With the house empty and people wounded, Carlton ran to the basement and into a fireproof furnace chamber. He brought a small vial of hydrochloric acid with him as a fallback plan in case the heat became too much for him to handle. Carlton did attempt suicide by swallowing the acid, but it failed to kill him.

Together, Lindblom and Weston ran to a neighboring farm to send the alert of the attack. Weston then returned to the Taliesin, and used a garden hose to help extinguish the flames. His efforts saved the studio (with the many of Wright's drawings and manuscripts), as well as the agricultural part of the building. Eventually, neighbors arrived to assist in putting out the fire, to tend to survivors, and search for the murderer. Gertrude was found in a nearby field, apparently unaware of her husband's intentions. She was dressed in travel clothes, expecting to catch a train to Chicago with Julian to seek a new job. 

Later in the afternoon, Sheriff John Williams located Carlton and arrested him. Carlton was transferred to the county jail in Dodgeville. 

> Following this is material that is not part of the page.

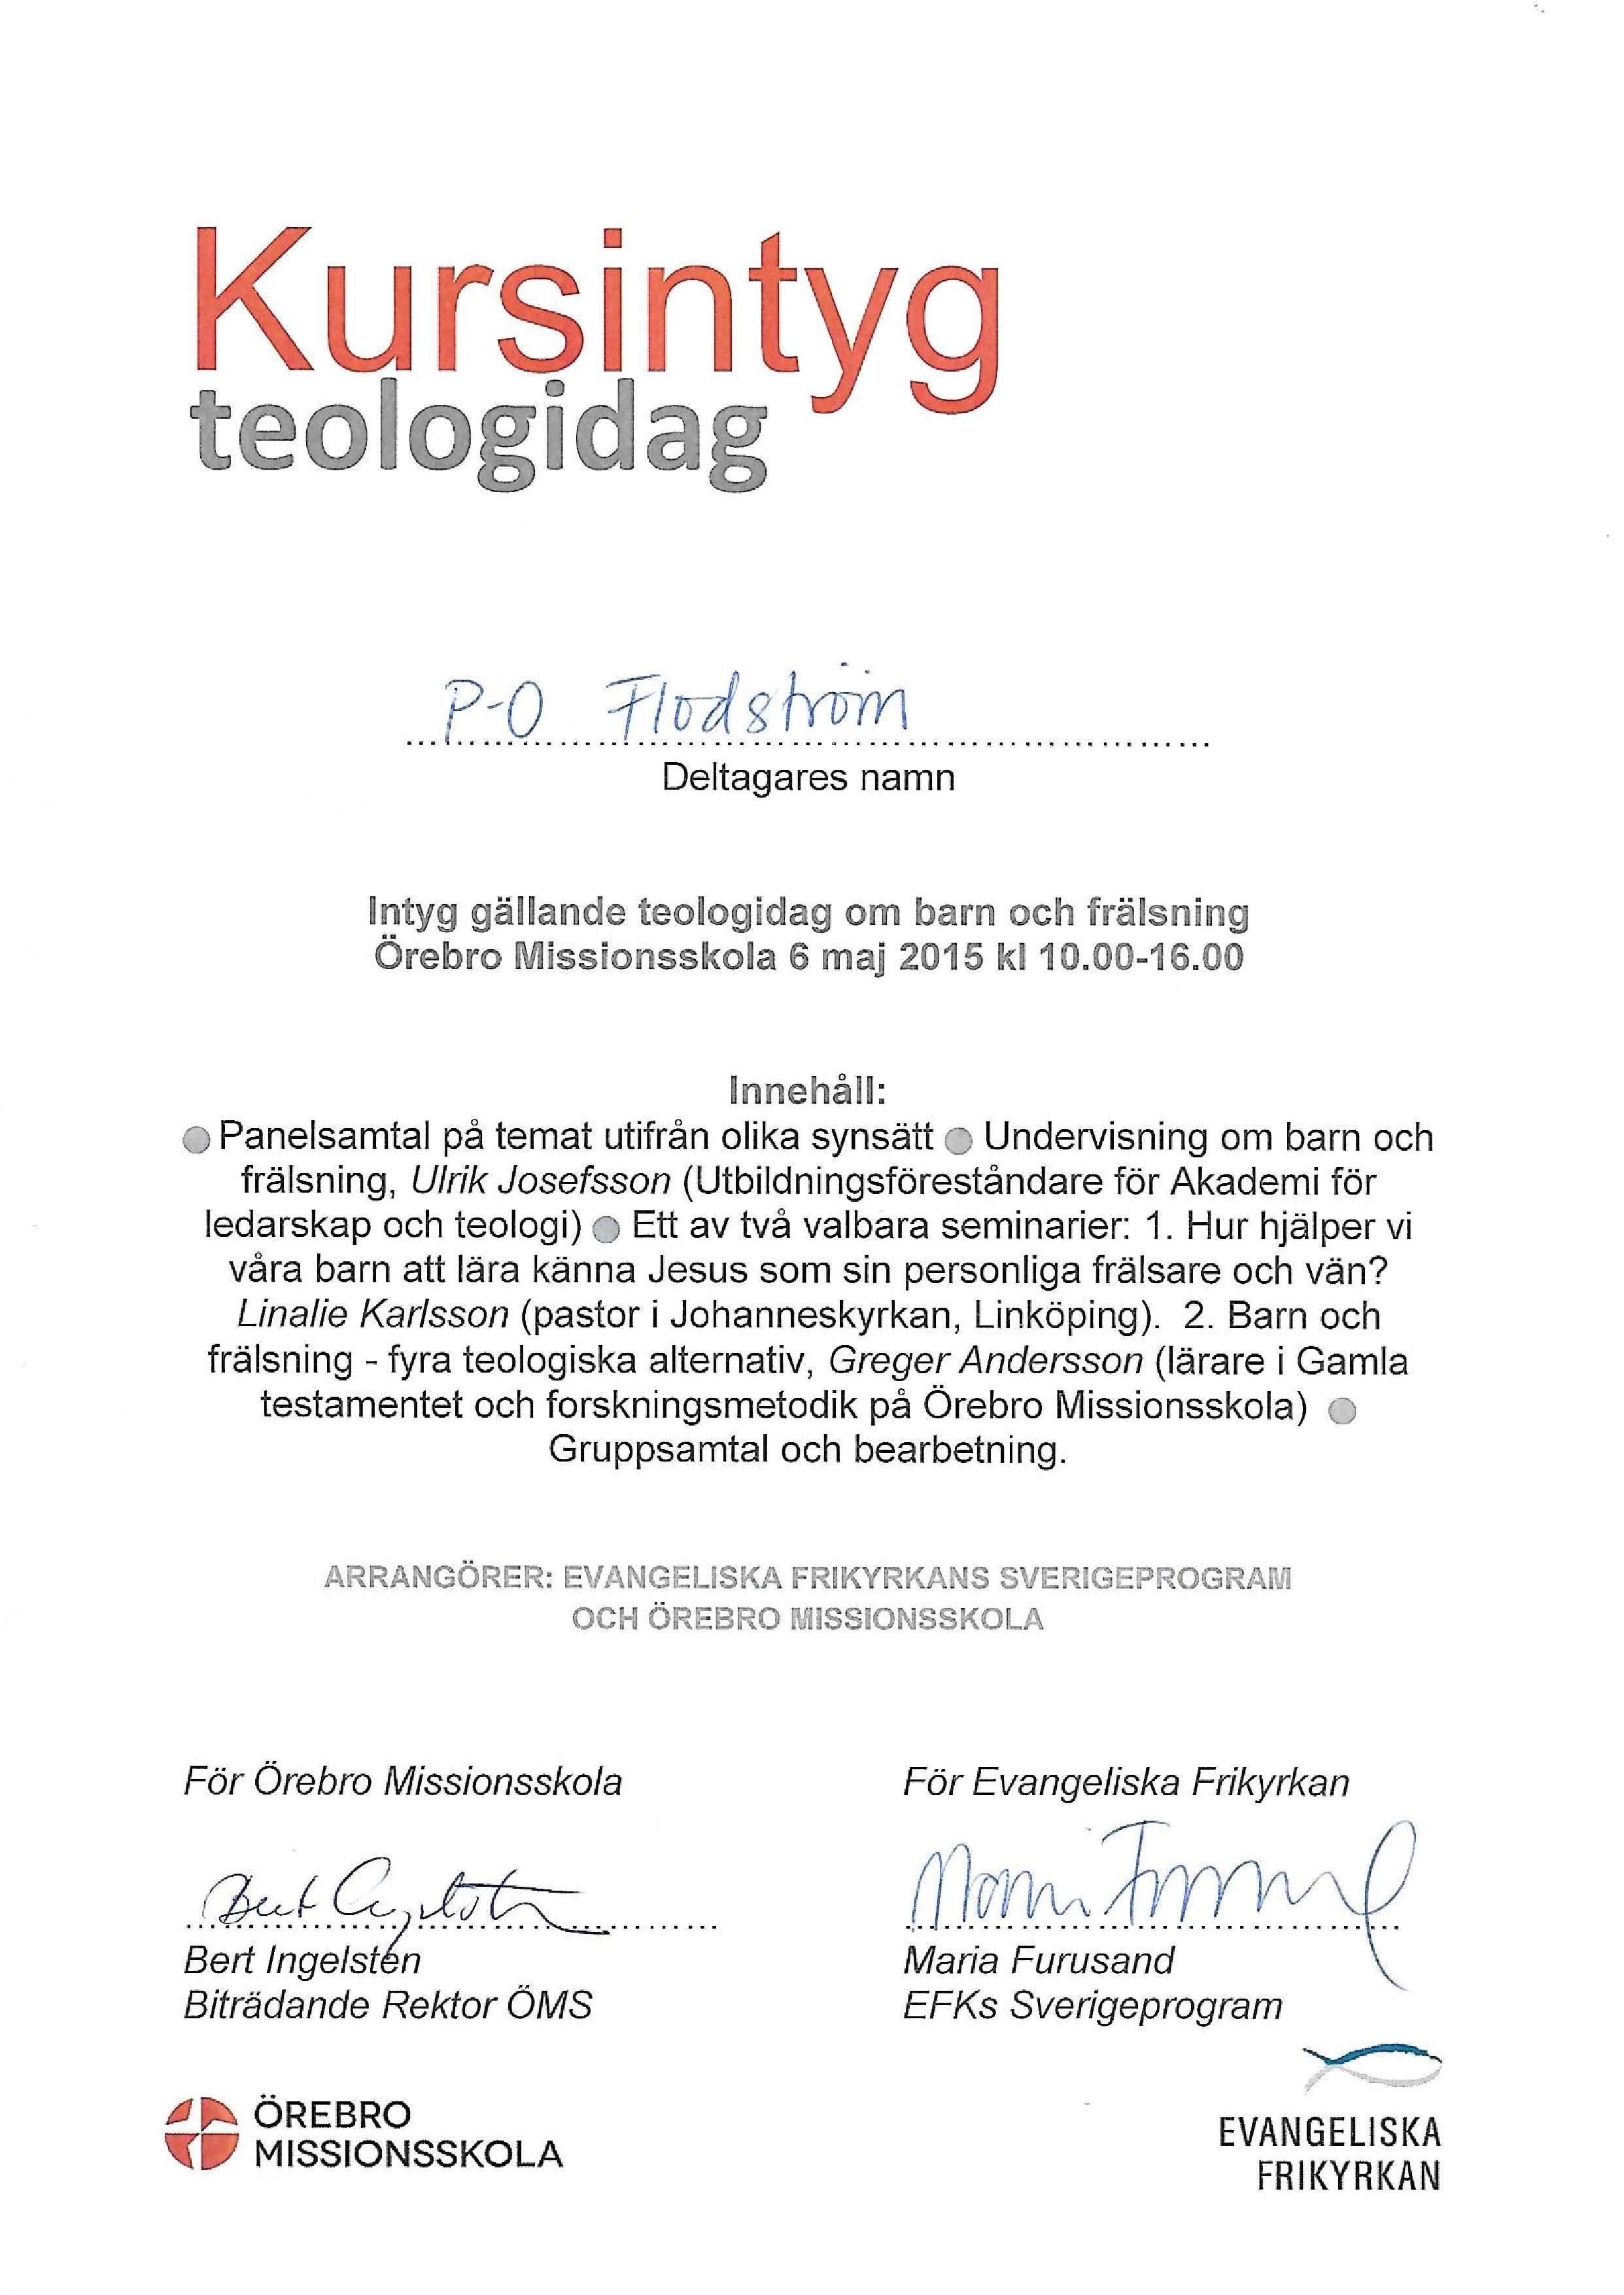 betyg-certifikat-och-komplett-meritlista-for-p-o-flodstrom-2016-page-004
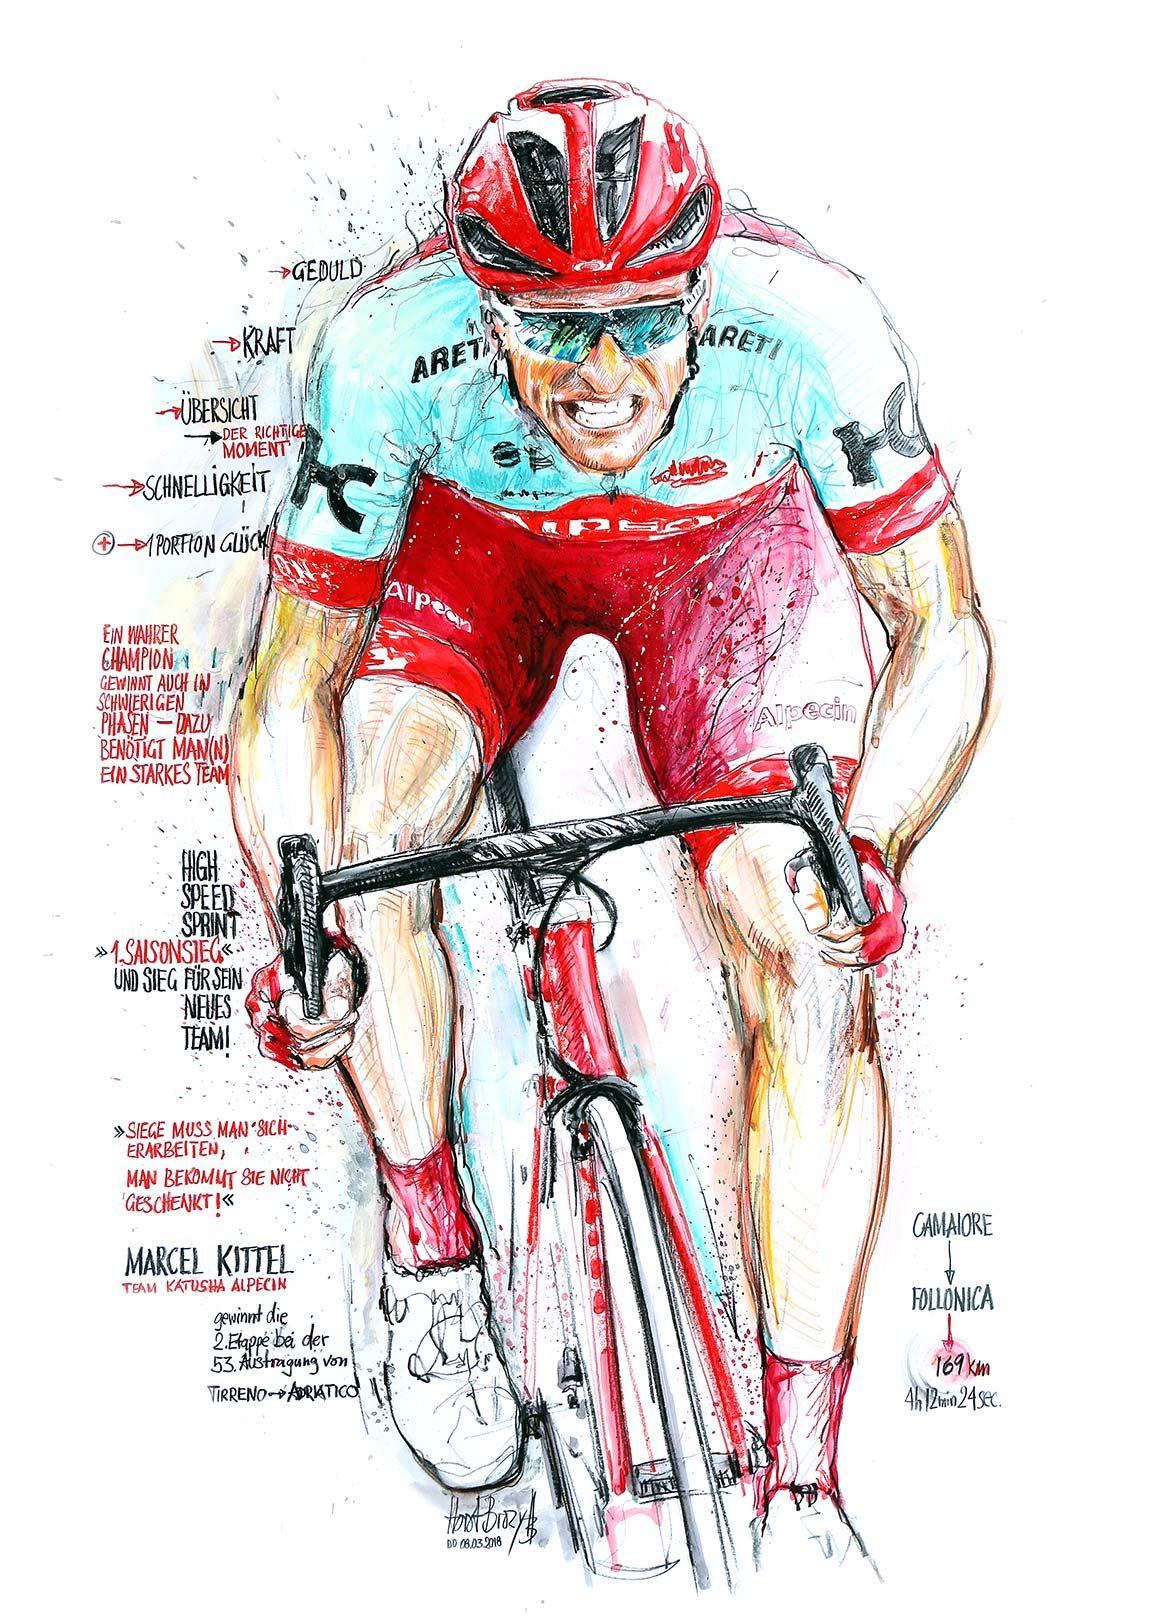 Marcel Kittel Team Katusha Alpecin Gewinnt Die 2 Etappe Bei Der

Gertrude was released from police custody shortly after the incident. She was sent to Chicago with $7 and was never heard from again. The hydrochloric acid that Carlton ingested failed to kill him, but did badly burn his esophagus, which made it difficult for him to ingest food. Carlton was indicted on August 16 and was charged with the murder of Emil Brodelle, the only death that was directly witnessed by a survivor. Carlton entered a not guilty plea. Forty-seven days after the fire, before the case could be heard, Carlton died of starvation in his cell.

Aftermath
Bodies of the dead and injured were brought to Tan-y-Deri, the nearby home of Wright's sister, Jane Porter. The dead were Mamah and Emil, with John missing (his remains were later found incinerated). Martha Cheney, foreman Thomas Brunker, and Ernest Weston (13-year-old son of William Weston) would die later that day or that night. Gardener David Lindblom survived until August 18 (Tuesday morning). 

Wright returned to Taliesin that night with his son John, and Edwin Cheney. Cheney brought the remains of his children back to Chicago while Wright buried Mamah Borthwick on the grounds of nearby Unity Chapel  (the chapel of the mother's side of his family). Heartbroken over the loss of his lover, Wright did not mark the grave because he could not bear to be reminded of the tragedy. He also did not hold a funerary service for Borthwick, although he did fund and attend services for his employees.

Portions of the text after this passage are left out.